Interestingly, tokenism can still be classified as a form of diversity as unique bodies are mixed together within a mutual organization. However, rather than providing access to power or mutual representation, tokenism values a white liberal perception of equality at the expense of those who actually suffer from social inequalities. It is here that the masquerade of North Park’s diversity slips to reveal the grotesque reality beneath. This is to say, the diversity that is often fawned over as virtue is in reality a racist vice, and proves only that our institution is not interested in rectifying historical injustices but in finding new ways to maintain the status quo.

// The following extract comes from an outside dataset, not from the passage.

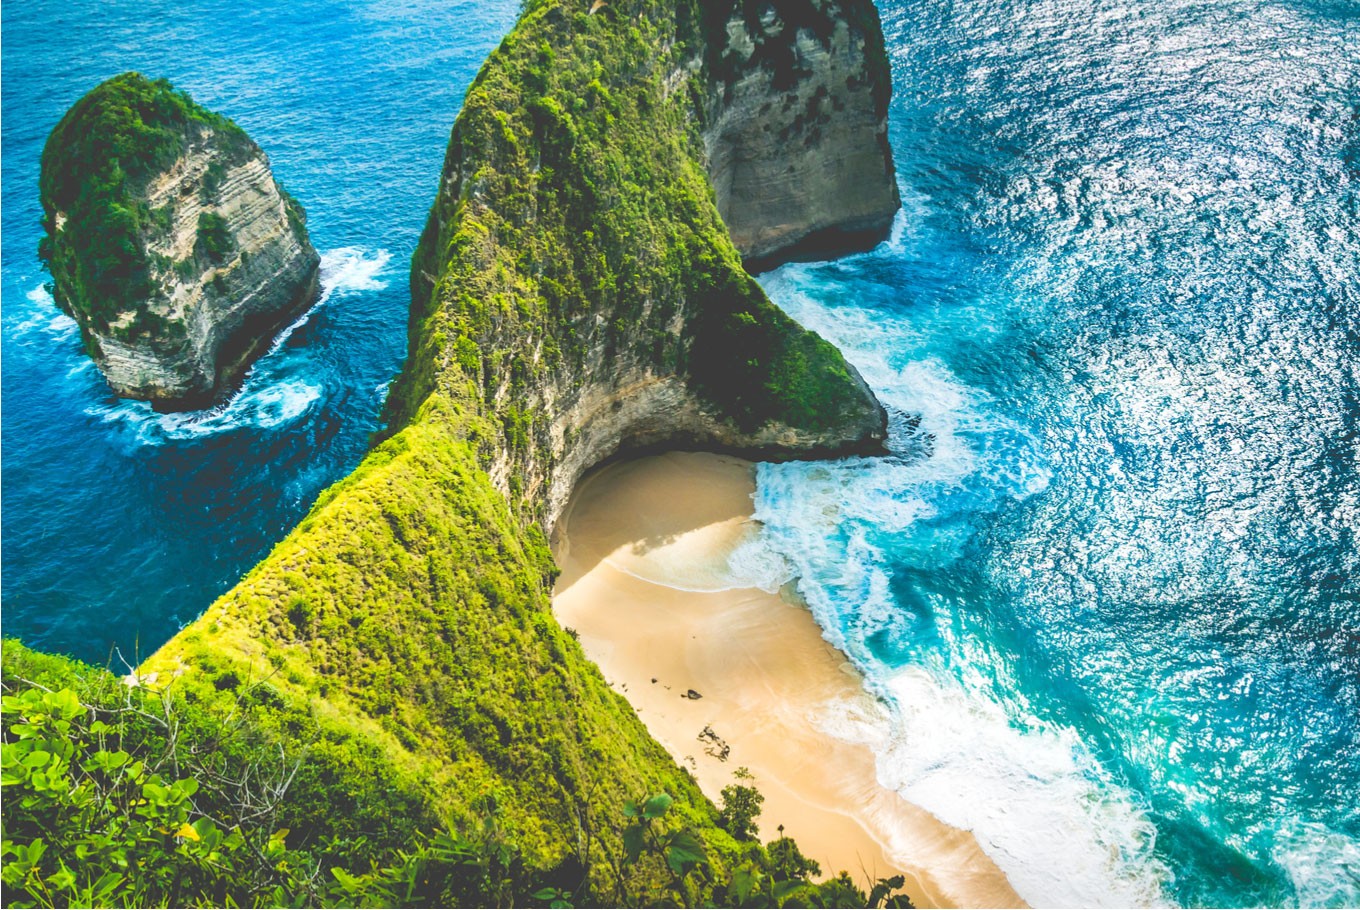 Tips for a budget-friendly trip to Nusa Penida - Tips - The Jakarta Post

It is time for North Park, through student led initiatives, to stand accountable and face the collision of identities that James Baldwin identified years ago. This necessitates painful acknowledgement of white supremacy that has been festering for too long within the dark corners of our society, as well as a commitment to manifesting the intercultural community that is now claimed. Further, political activist and black power innovator Stokely Carmichael made clear that “in order to understand white supremacy we must dismiss the fallacious notion that white people can give anyone their freedom.” If we are to change the culture of campus it cannot be billed as a gift from oppressor to oppressed, but a reparation, long overdue.
This change on our campus should not be segregated, but more critically, cannot be co-opted by white people with an infantile zeal for revolution. The struggle for liberation has been in progress for centuries and has no need for an ivory spark to light the fuse. Yet, those who match my own privilege and hue do not have the right to remain unengaged. Bobby Seale, one of the co-founders of the Black Panther Party, drove this point home when he asserted: “There’s nothing wrong with being a white person. It’s about where your heart is ...We’ve got to get everyone beyond xenophobic isolationism.” Individual roles in the fight for a post-xenophobic campus cannot be the same, just as we are not all the same. As displayed by Nat Turner’s rebellion, the 1960s Civil Rights Movement, Emiliano Zapata’s agrarian revolution, or the current #blacklivesmatter movement, the fight for freedom must be led by those with the greatest self-interest and supported in solidarity and humility by those with privilege.
For our campus, this means the prevailing alabaster roar must be quelled to a whisper, allowing historically lost voices to rise. Put more simply, every white individual at North Park, myself included, must be quiet and follow the lead of our sisters and brothers of color. As author Bryan Stevenson explains in his book, Just Mercy, ignoring history will never erase it or absolve us of the ramifications. But perhaps it is writer Ta-Nehisi Coates that most accurately identifies both the problem at hand and its potential consequences by revealing, “An America that looks away is ignoring not just the sins of the past but the sins of the present and the certain sins of the future.”